We already know that coordinate reference frames are arbitrary and therefore don’t influence dynamics, but how do symmetries such as this appear in the Lagrangian formulation? Here’s an example:

Consider a two-particle system where the first particle has position \(\textbf{r}\) and the second has position \(\textbf{s}\). A typical Lagrangian for the first particle might be

\[L = \frac{1}{2}m\dot{r}^2 - V(|\textbf{r} - \textbf{s}|)\]

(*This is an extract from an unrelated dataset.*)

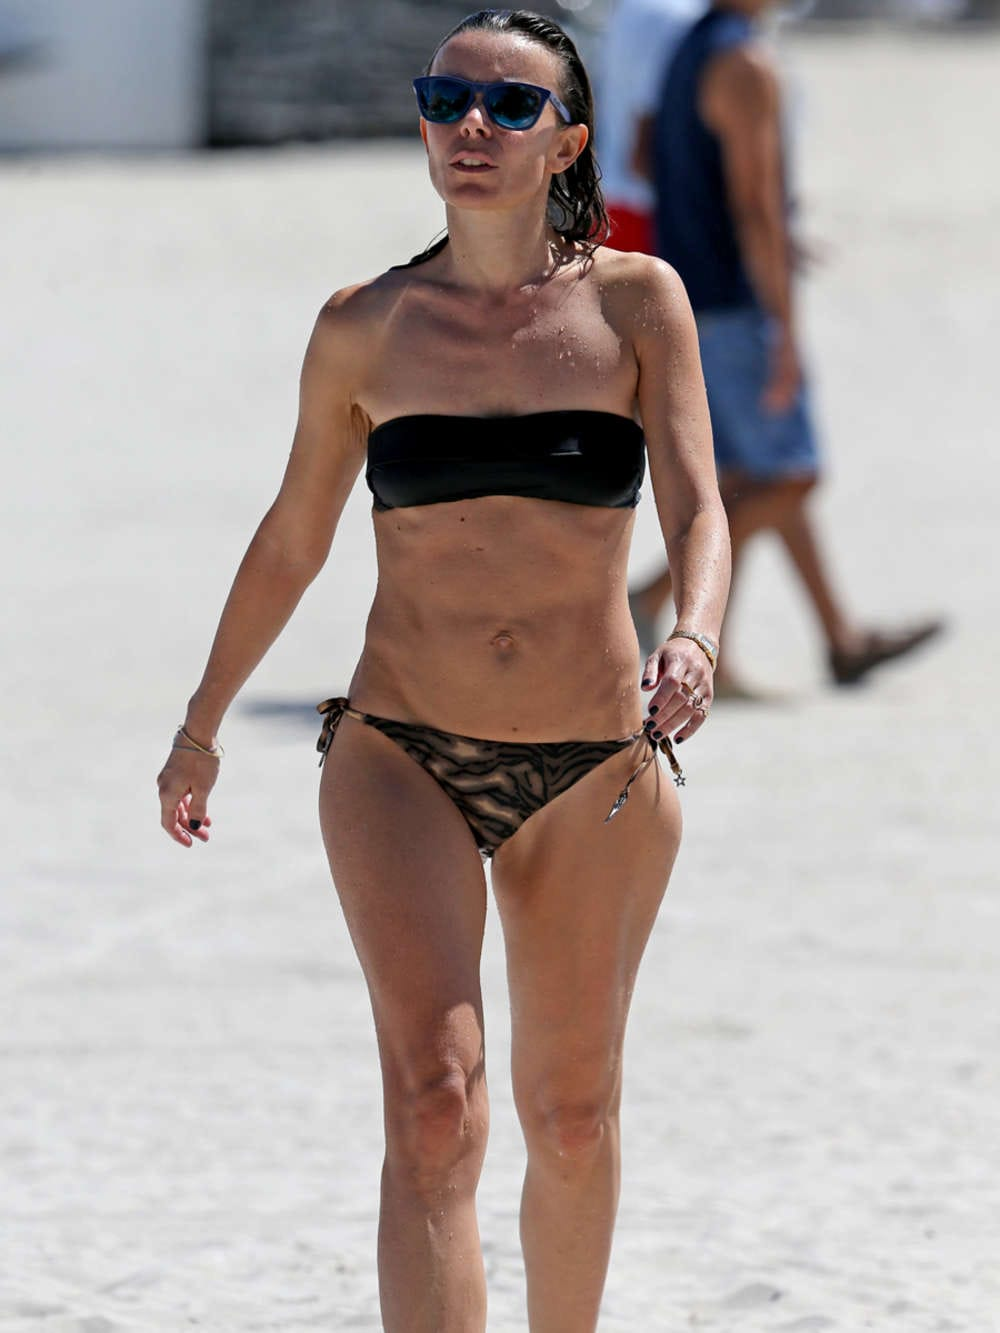 Bikini Elodie Bouchez nudes (24 images), Boobs

If we translate the entire system to \(\textbf{r}' = \textbf{r} + \textbf{a}\) and \(\textbf{s}' = \textbf{s} + \textbf{a}\), then the new Lagrangian is

\[\begin{align} L' &= \frac{1}{2}m\dot{r}'^2 - V(|\textbf{r}' - \textbf{s}'|) \\ &= \frac{1}{2}m\dot{r}^2 - V(|\textbf{r} + \textbf{a} - \textbf{s} - \textbf{a}|) \\ &= L \end{align}\]

So \(L\) doesn’t change and the system’s dynamics are unaffected. Similarly, if we rotate the entire system to \(\textbf{r}' = \textbf{Rr}\) and \(\textbf{s}' = \textbf{Rs}\), then the new Lagrangian is

\[\begin{align} L' &= \frac{1}{2}m \left(\textbf{R}\dot{\textbf{r}}\right)^T\textbf{R}\dot{\textbf{r}} - V\left(|\textbf{Rr} - \textbf{Rs}|\right) \\ &= \frac{1}{2}m\dot{r}^2 - V\left(\left(\textbf{R}(\textbf{r}-\textbf{s})\right)^T \textbf{R}(\textbf{r}-\textbf{s}) \right) \\ &= L \end{align}\]

The Lagrangian is unchanged again, as expected (note that \(\textbf{R}^T\textbf{R} = \textbf{I}\)).

What about more general transformations, how do they change \(L\)? In general, the change in \(L(q,\dot{q})\) is

\[dL = \sum_i \left( \frac{\partial L}{\partial \dot{q}_i}d\dot{q}_i + \frac{\partial L}{\partial q_i}dq_i \right)\]

Plugging in the EL equation and re-arranging terms turns this into

\[dL = \frac{d}{dt} \sum_i p_i \ dq_i\]

Where \(dq_i\) encodes the general (infinitesimal) coordinate transformation in question. Now, if we already know that \(L\) is invariant to a particular transformation, then \(dL = 0\) and we discover a corresponding conserved quantity

\[\sum_i p_i \ dq_i = \text{const}\]

How does this work out for the translation and rotation examples above? For translation, the infinitesimal equivalent is

\[q'_i = q_i + \epsilon\]

So \(dq_i \equiv q_i' - q_i = \epsilon\) and \(\sum_i p_i = \text{const}\). This says that translational invariance implies linear momentum conservation.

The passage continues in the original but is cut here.